Work item
Please copy exactly the part of the records below that opens with the line containing "despacho 2 - telemarketing" and closes with the line containing "каталог PROMENU: Кружка", leaving out any pictures.

The data
+---+

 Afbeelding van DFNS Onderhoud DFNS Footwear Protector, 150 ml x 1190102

+---+

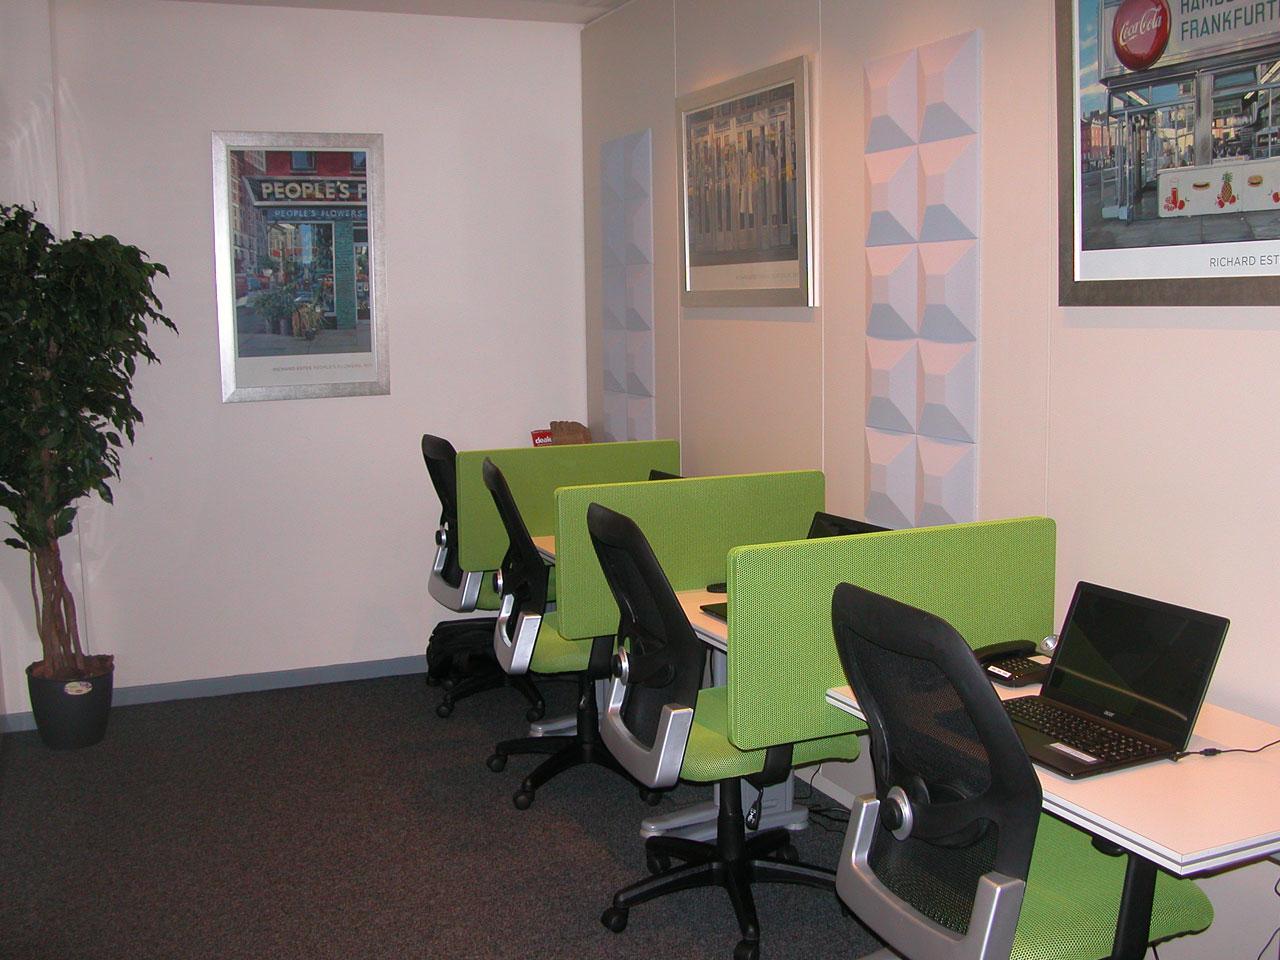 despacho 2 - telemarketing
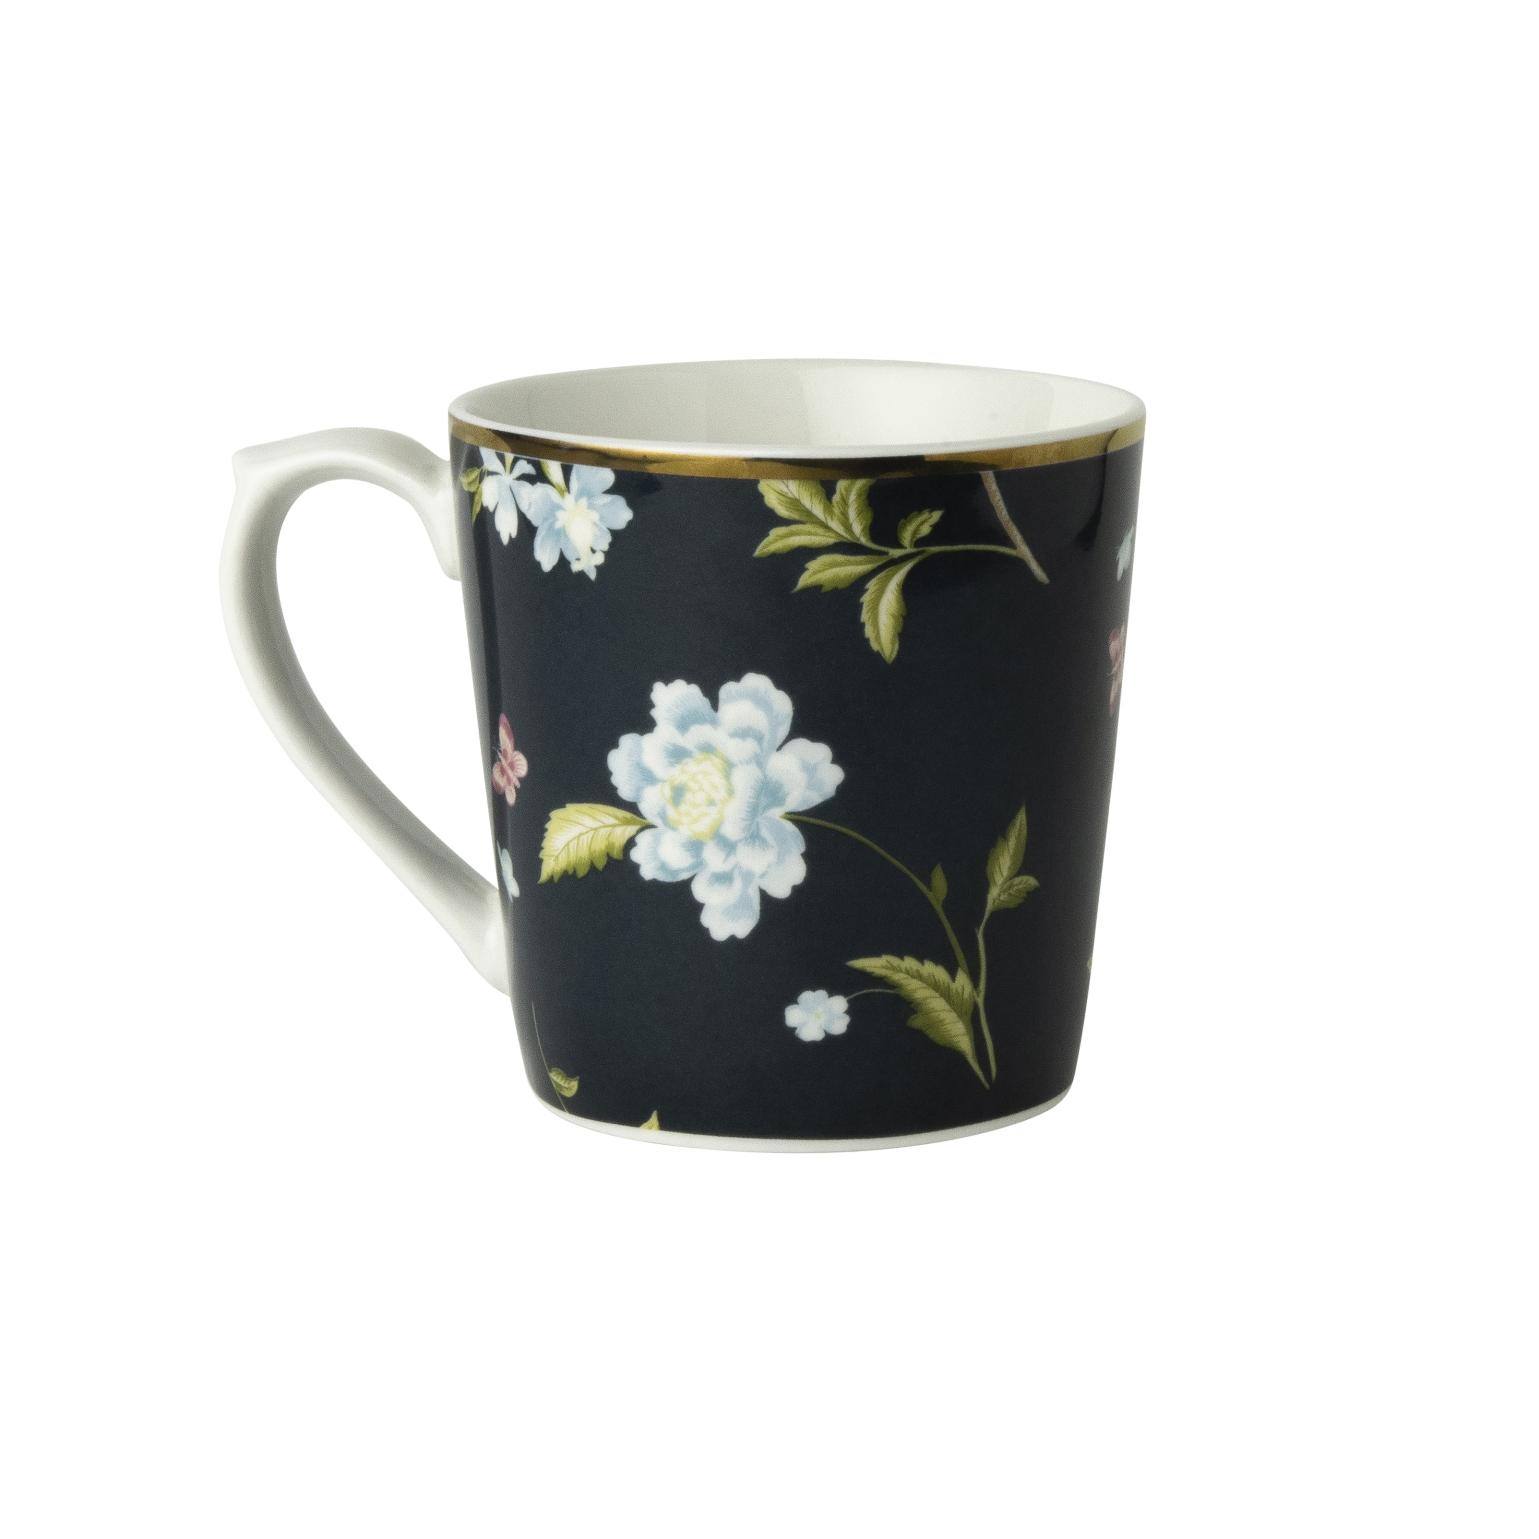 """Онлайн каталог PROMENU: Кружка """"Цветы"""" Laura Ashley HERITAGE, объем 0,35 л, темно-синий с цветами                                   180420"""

+---+

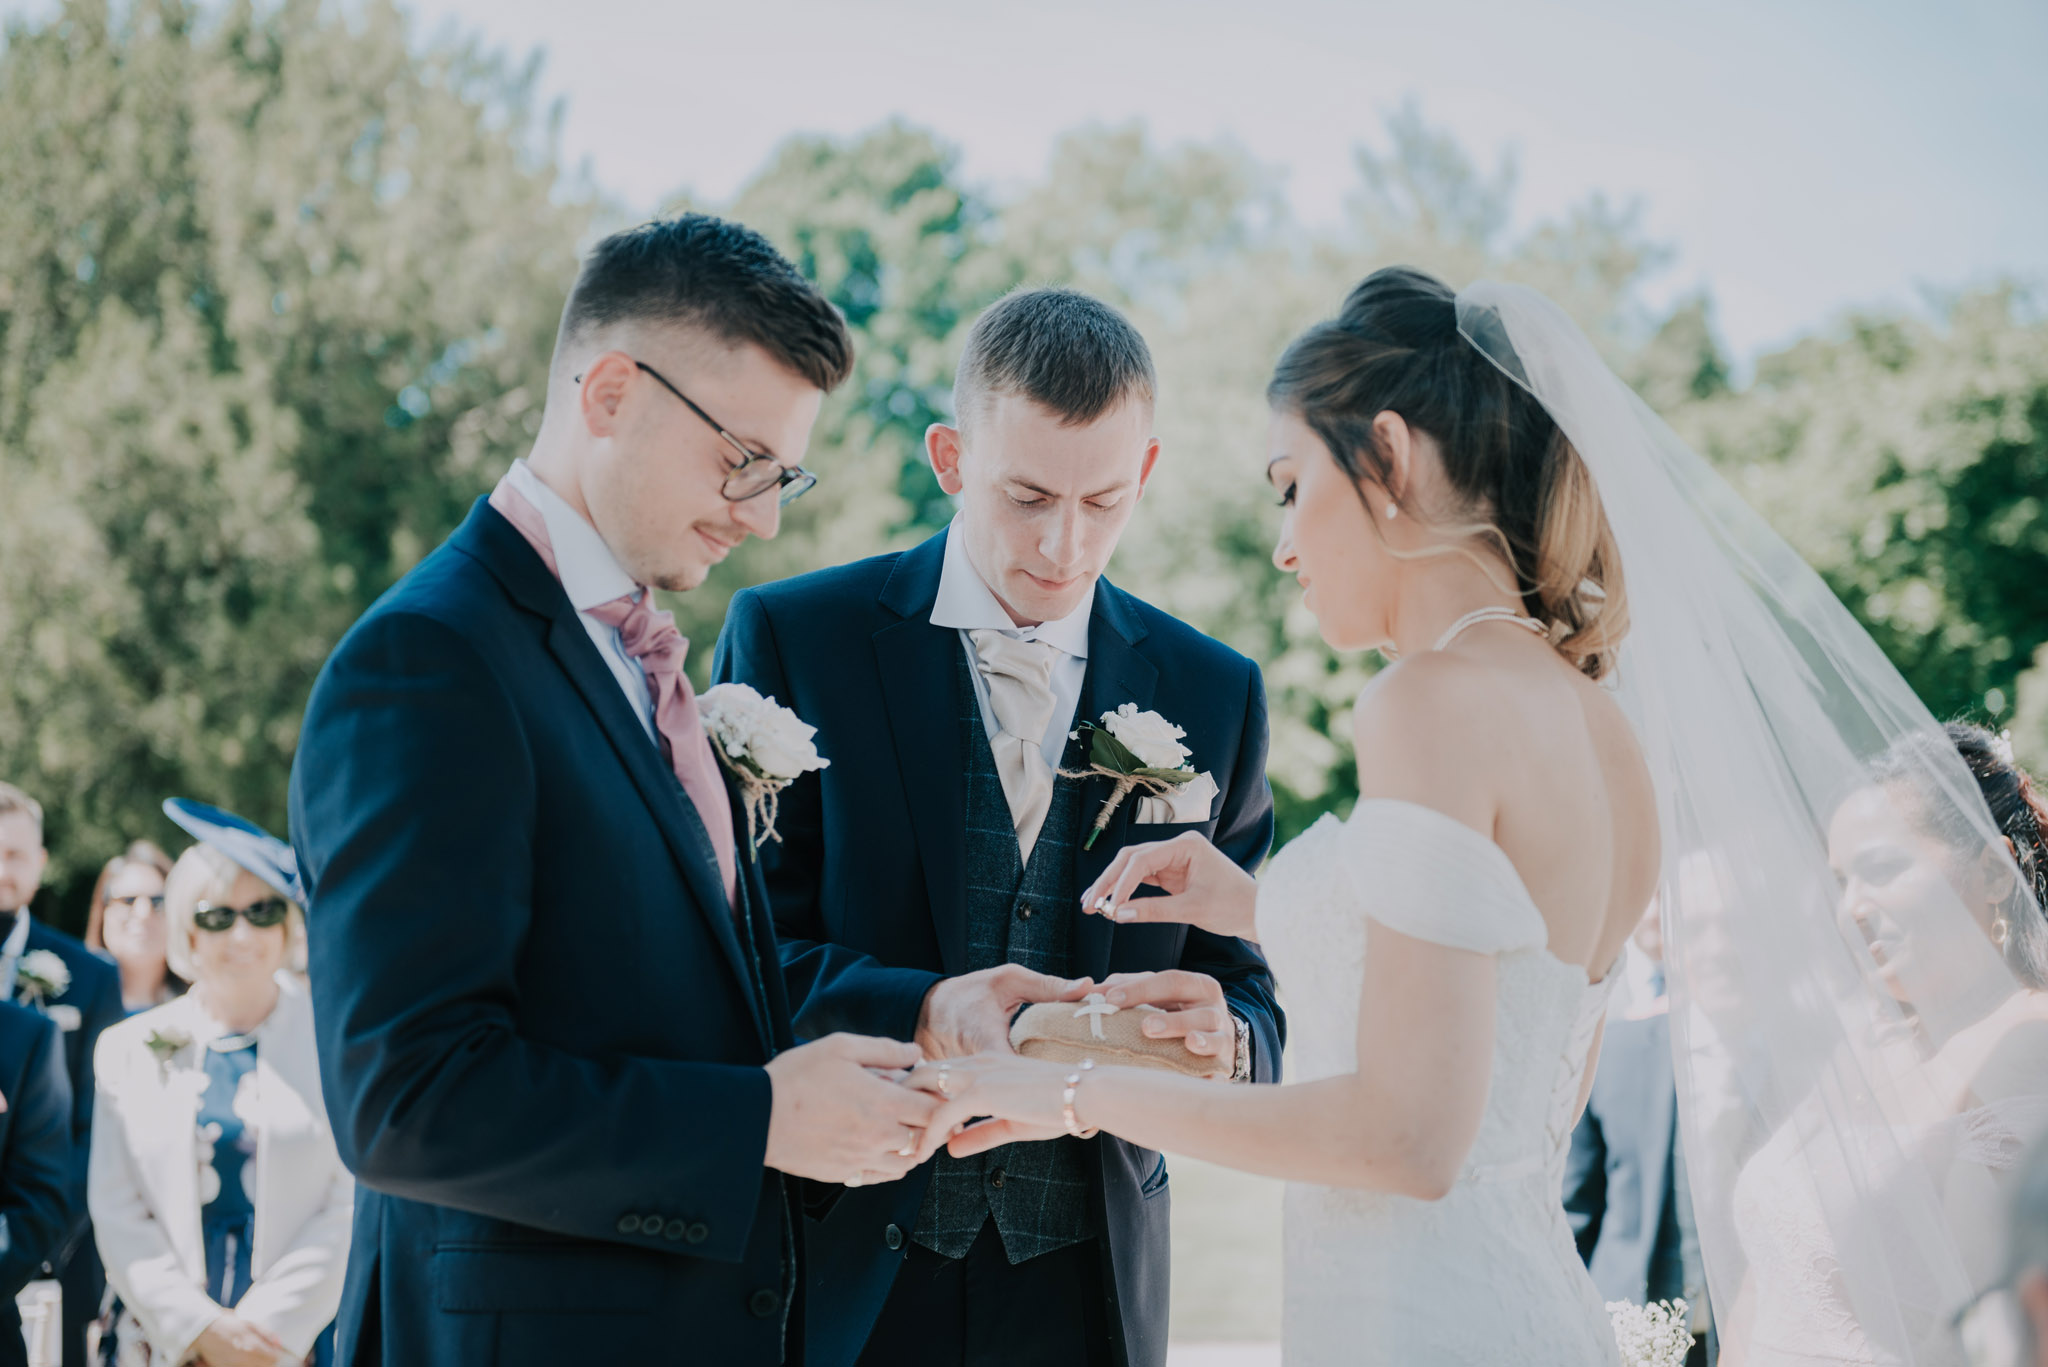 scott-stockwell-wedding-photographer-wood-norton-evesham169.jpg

+---+

Exercise answer
 despacho 2 - telemarketing
 """Онлайн каталог PROMENU: Кружка """"Цветы"""" Laura Ashley HERITAGE, объем 0,35 л, темно-синий с цветами                                   180420"""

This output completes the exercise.